Flappers Comedy Club and Restaurant is a live comedy club with two California locations: one in Burbank, and one in Claremont. Notable celebrity comedians who have performed at Flappers have included Jerry Seinfeld, Maria Bamford, Kevin Hart, Gabriel Iglesias, Bill Burr, Adam Sandler, Christopher Titus, Jimmy Dore, Rob Schneider, and Craig Shoemaker.

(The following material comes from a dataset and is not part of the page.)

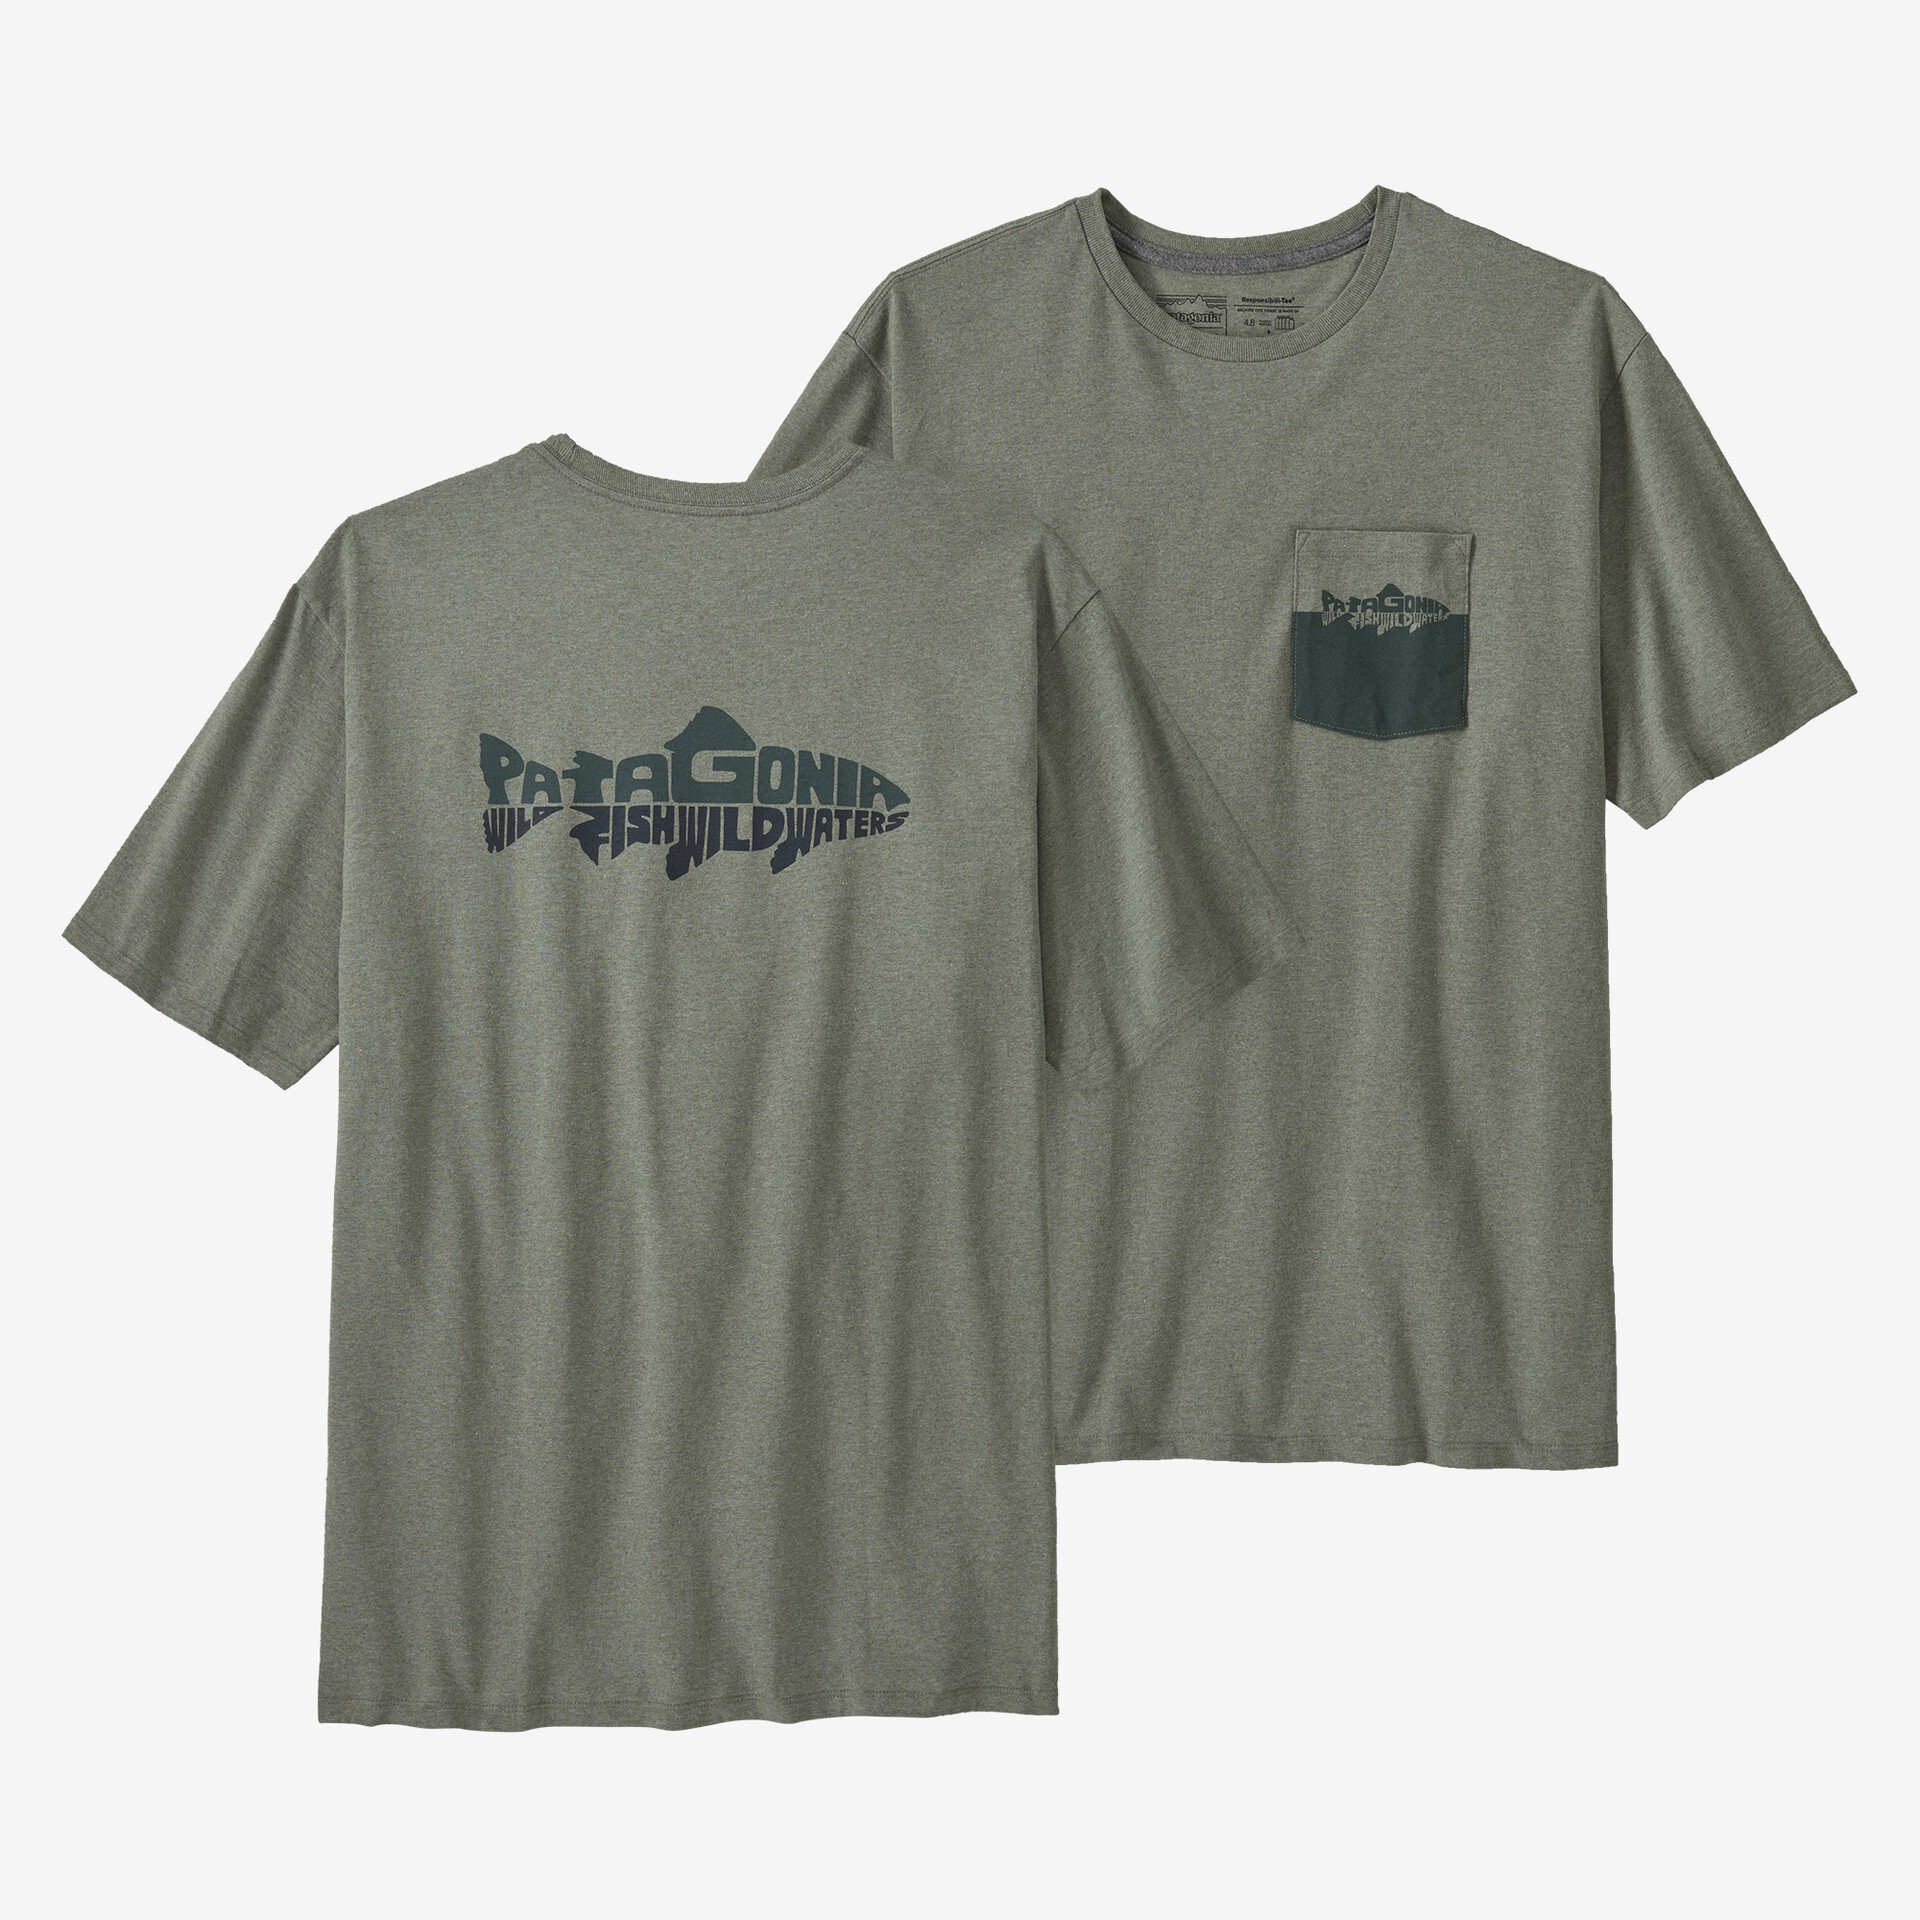 Мужская ответственная футболка с карманом Wild Waterline Patagonia, цвет Sleet Green мужская ответственная футболка с логотипом и карманом patagonia серый

The Burbank club, which opened in 2010, is located at 102 East Magnolia Boulevard in Downtown Burbank, and includes a 200-seat Mainroom, a smaller 50-seat "Yoo Hoo Room," and a bar & patio area with smaller performance stages. Each week, over 40 shows are produced. A full-service restaurant and bar menu is available before and during shows.  Friday and Saturday 8pm and 10pm shows feature national touring headliners in the Mainroom. Other notable shows include:
Celebrity Drop-In Tuesdays at 8pm - a show in which famous comedians routinely drop in, with past guests including Adam Sandler, Whitney Cummings, Adam DeVine
Two Milk Minimum every Saturday at 4:30pm - a family-friendly comedy show starring Michael Rayner (Sesame Street)
Uncle Clydes Comedy Contest every Wednesday at 8pm - Flappers' fresh-faces comedy contest in which the audience votes for their favorite comedians to win cash prizes, gift cards, and Flappers Traditional "Huge Bowl Of Fries."

Flappers is also home to Flappers University, "where learning is a joke," and is one of the largest comedy schools in Los Angeles. The school offers classes in stand-up comedy, improvisation, marketing and promoting, writing for late night television, screenwriting, getting booked on the road, and more.

Events
Since 2014, Flappers has produced and hosted the Burbank Comedy Festival, sponsored by Visit Burbank and the Downtown Burbank Partnership.  The festival features a full week of comedy shows, classes, industry panels, and parties.

In 2017 to celebrate Women's History Month, the club featured female headliners that included Cocoa Brown, Taylor Tomlinson and Laurie Kilmartin.

Acts
In winter of 2016, Cedric The Entertainer performed every Monday for a two-month residency. In April 2017, Kevin Hart headlined four shows.